DieYoungStrong said:


> So you're saying he's a plumber?



Hey itsa meee...Maaaario...you wanna stay ata my hotel?


----------



## John Ziegler (Dec 26, 2016)

Buffalo Bill

View attachment 3519


----------



## ECKSRATED (Dec 27, 2016)

Haha if u knew who I am. No one gives a ****kkkk about some juiced up broad that looks like a dude. Nasty little fukkers. I'm sure u have a big cock tho


----------



## OBO15 (Dec 27, 2016)

Not a broad you DOPE. I'm sure my big cock is way bigger than yours.


----------



## Flyingdragon (Dec 27, 2016)

Can u prove it?



OBO15 said:


> Not a broad you DOPE. I'm sure my big cock is way bigger than yours.


----------



## lexus7977 (Dec 27, 2016)

silvereyes87 said:


> View attachment 3516
> 
> Hey guys he's just trying to help out these competitors with the cost!
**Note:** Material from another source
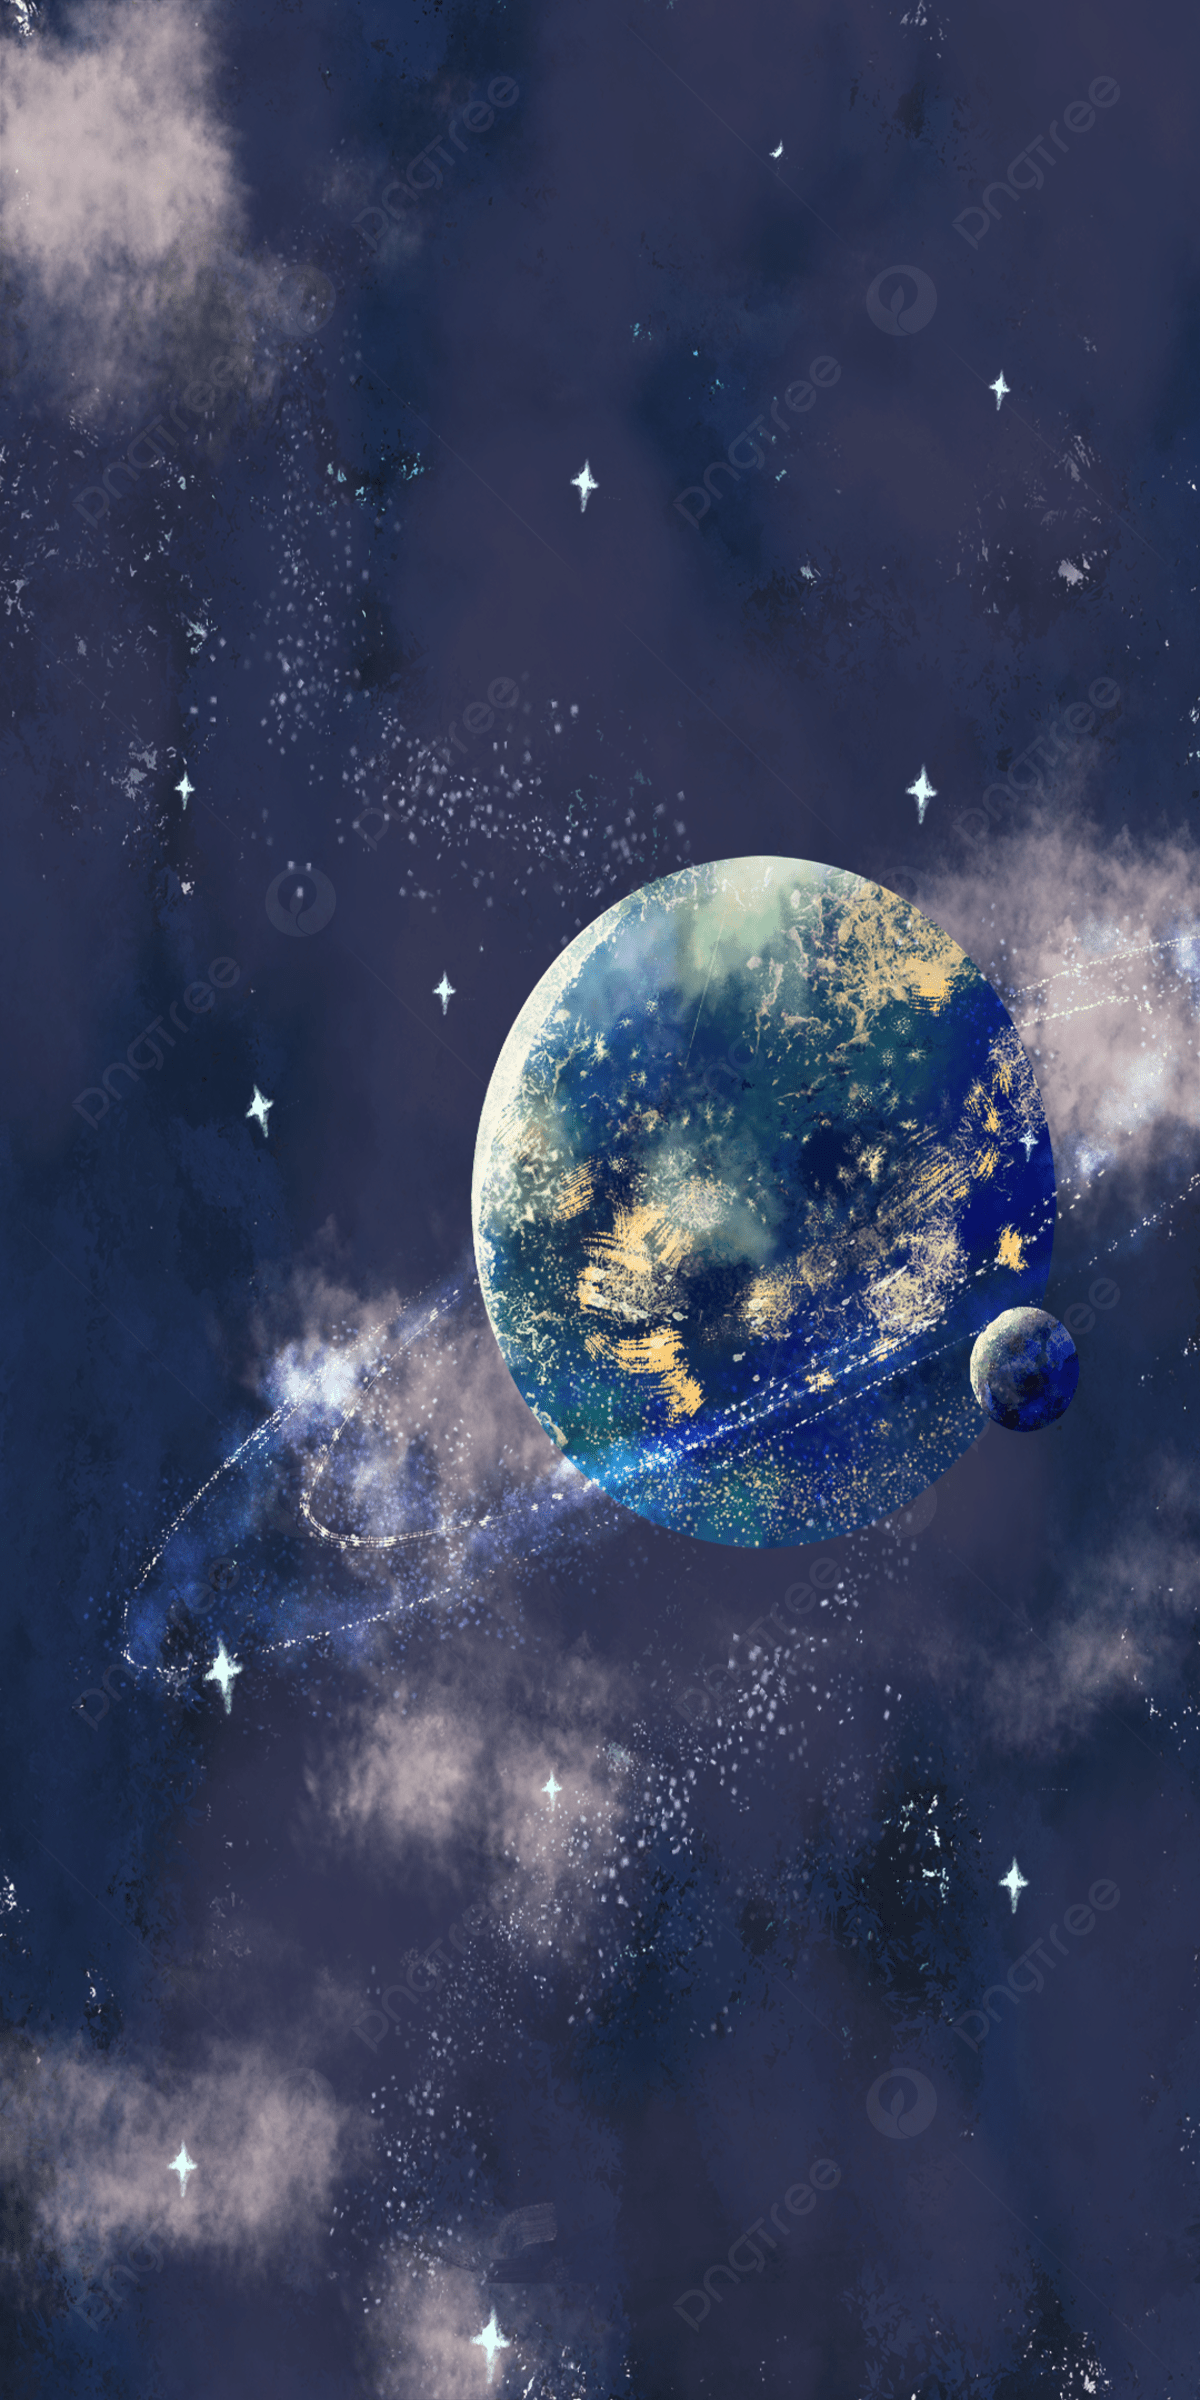 A digital painting of a planet with a ring system - Planet, constellation

Be easy on him!


Hahaha!!!!!!


----------



## heavydeads83 (Dec 29, 2016)

I hope I can come up with the money to go.  My buddy put up a huge total at a meet in Iowa and got invited to it.  Two other buddies are going also so hopefully I'll be able to make the trip.  I've Always wanted to go up there.


----------



## OBO15 (Jan 7, 2017)

See you all at the Classic.


----------



## ECKSRATED (Jan 7, 2017)

OBO15 said:


> See you all at the Classic.



We'll be checking the news to see if anyone "dissapears" in the Ohio area.


----------



## OBO15 (Jan 8, 2017)

Oh no, not again, it hurts so good, I don't understand.  INFATUATION.:32 (1):


----------



## ECKSRATED (Jan 8, 2017)

OBO15 said:


> Oh no, not again, it hurts so good, I don't understand.  INFATUATION.:32 (1):



Did u walk around all day wearing your bodybuilding.com stringer and tights while flexing your lats?


----------



## OBO15 (Jan 8, 2017)

LOL, you are good.


----------